Perhaps not. As new conflicts demand its attention, the U.S. may in fact need to unlearn—or at least nuance its understanding of —the lessons of Iraq.
In Libya two years ago, the U.S. started out by successfully applying some of Iraq's lessons: It intervened from afar, leveraged local partners, eschewed large numbers of boots on the ground, minimized the U.S. role, forced NATO allies to bear as much of the burden as possible, and, above all, ensured the operation had the legitimacy of a U.N. Security Council resolution and broad regional support. The result was a relatively low-cost intervention that accomplished its immediate goals in a matter of months.

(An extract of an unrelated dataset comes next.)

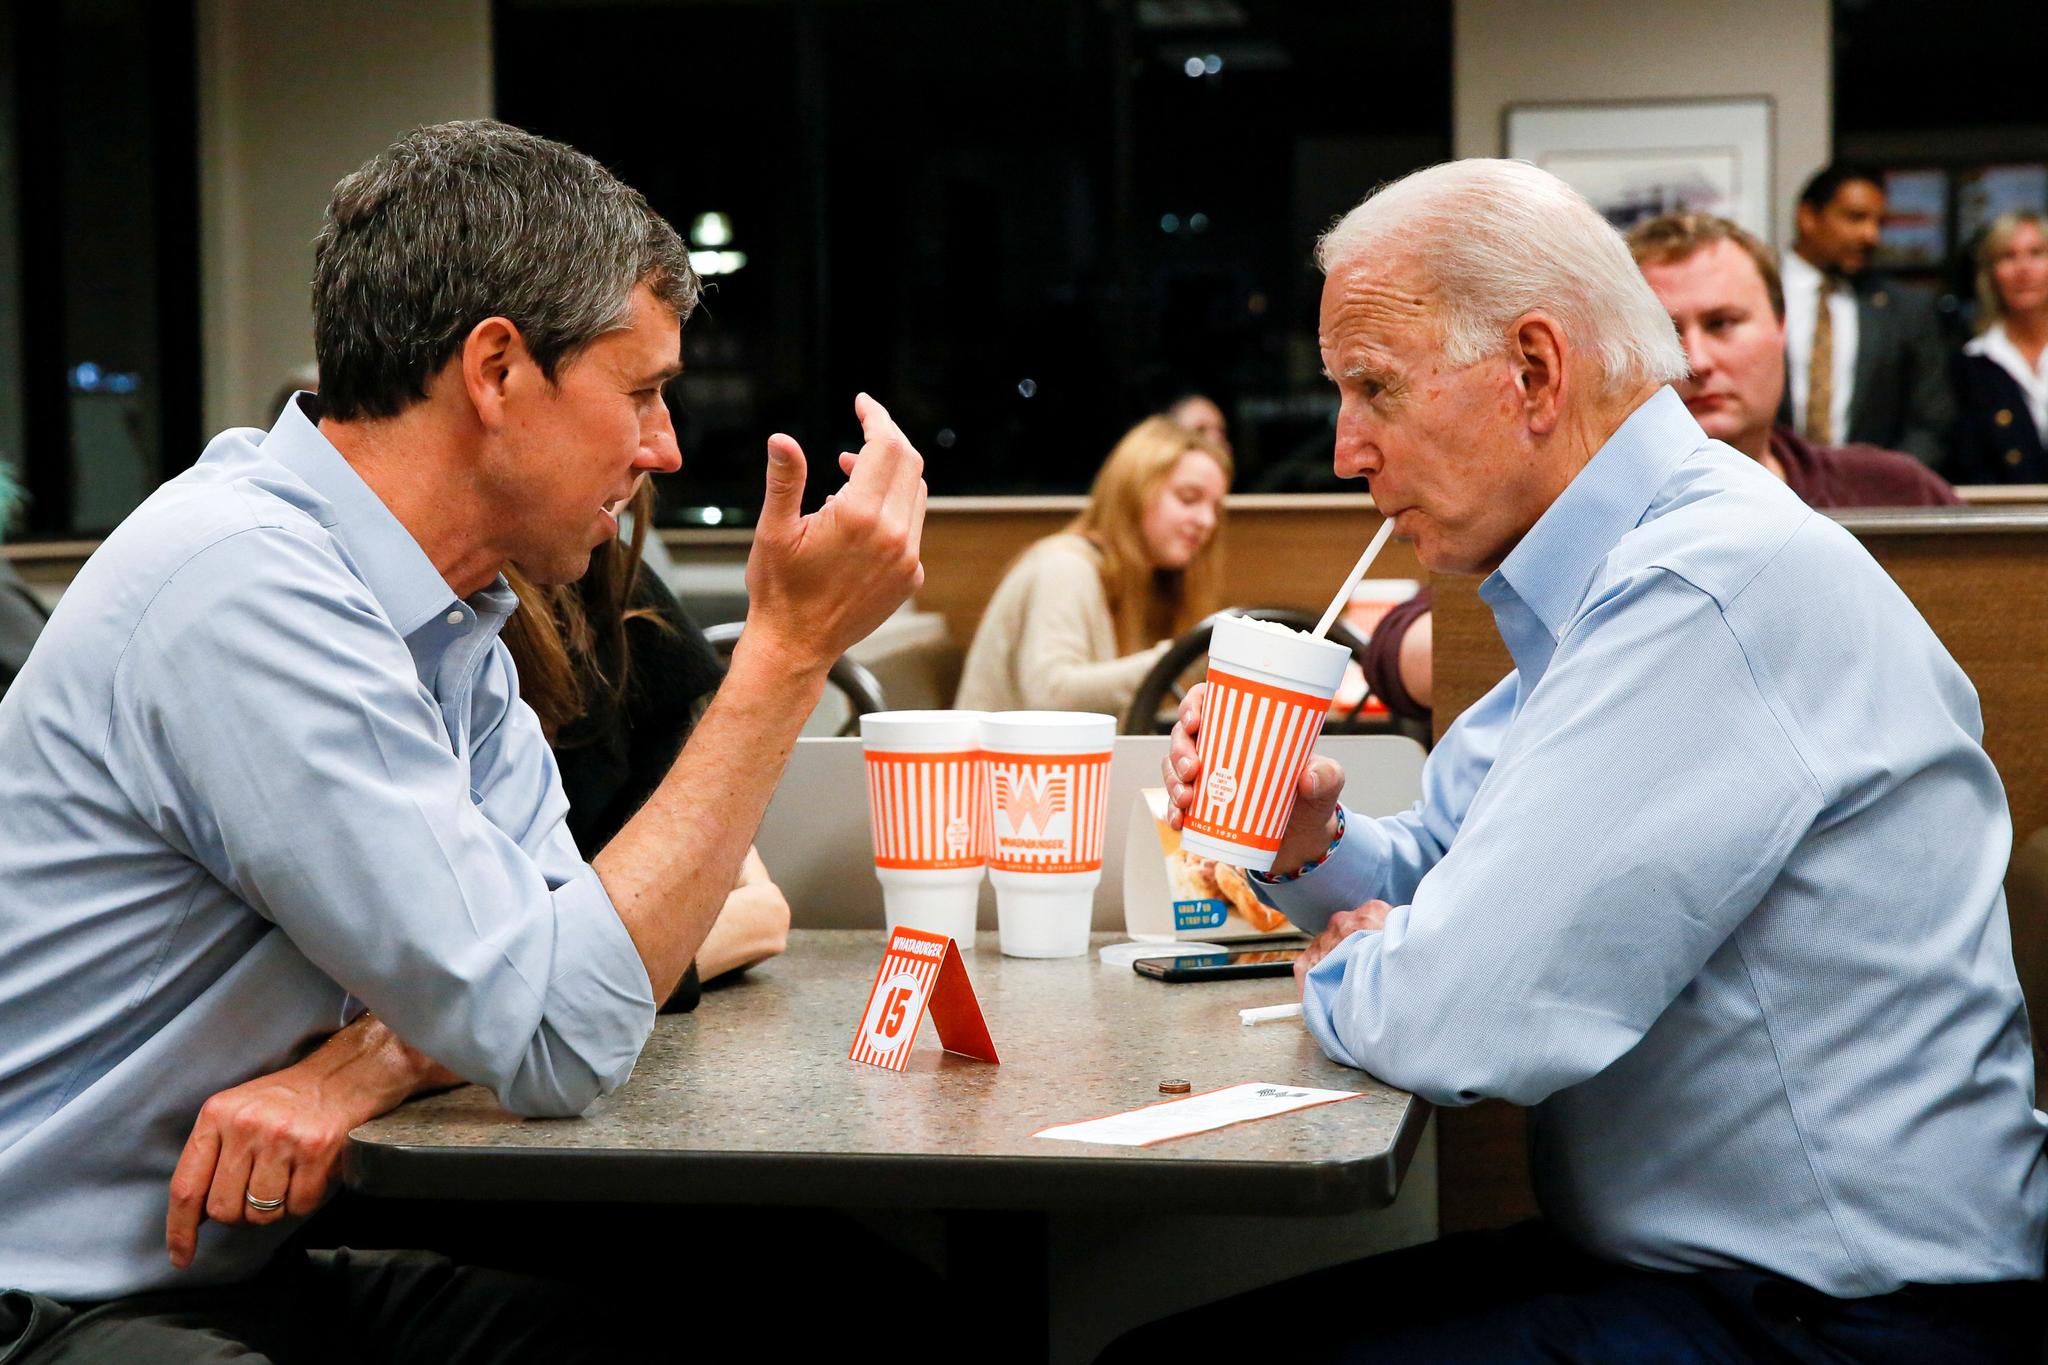 Biden tok en matbit med Beto O’Rourke i Dallas i Texas tidligere denne uken.

But in the aftermath of Qaddafi's death, Iraq's lessons loomed too large in the strategy of the U.S. and its allies. A reflexive fear of boots on the ground, pessimism about the very concept of nation building, and an excessive emphasis on keeping the international presence to a minimum has left Libya in a precarious place.
To be sure, the last thing that Libya needs now is to be placed under the suzerainty of the international community much less an Iraq-type occupation involving foreign troops. But trepidation about boots-on-the-ground engagement has unnecessarily forestalled even small-scale efforts to repair Libya's fractured security environment, putting at risk the gains won in the intervention itself. The U.S. and its allies risk turning the sound principle of local ownership in Libya into a dangerous policy of strict laissez-faire.
Meanwhile, in Syria, the over-learned lessons of Iraq are taking an even more serious toll. The U.N. Security Council has repeatedly failed to agree on a strategy to end the crisis and the U.S. has been unwilling to act without it. Going to war in Iraq without the sanction of the Security Council increased the costs and difficulty of postconflict stabilization efforts. But does that mean the U.S. should wait to intervene in Syria, where a crisis is already underway, tens of thousands have already died, and a region of strategic importance is destabilizing?
Looming large over both these cases is the dreaded cost— human and financial—of yet another entanglement, yet another war and the prospect of more American casualties. As Washington reels from the impact of sequestration on its already troubled budget process, the financial costs of the Iraq War are fresh in the minds of policymakers.
But at the same time, the U.S. cannot wish the crises of a globalized world into nonexistence. As long as it maintains precedence in world affairs, the U.S. will be called upon to help resolve crises like those in Libya and Syria. This will require applying the lessons of Iraq thoughtfully along with the lessons of other cases—older as well as more recent—in order to shape military interventions that serve U.S. national security needs and fulfill international responsibilities without breaking the bank.
This is obviously no easy task. There are no simple formulas or maxims to guide policymakers through the uncertain waters they must navigate. Only the careful study of the past can provide insight necessary to make sound decisions in the future. That study must include the full history of the Iraq War, with its real lessons in proper context and perspective.
It would be a perverse outcome of so difficult an experience, however, if the U.S. failed to make prudent use of its Iraq lessons and ended up making the same mistakes—or similar ones—again.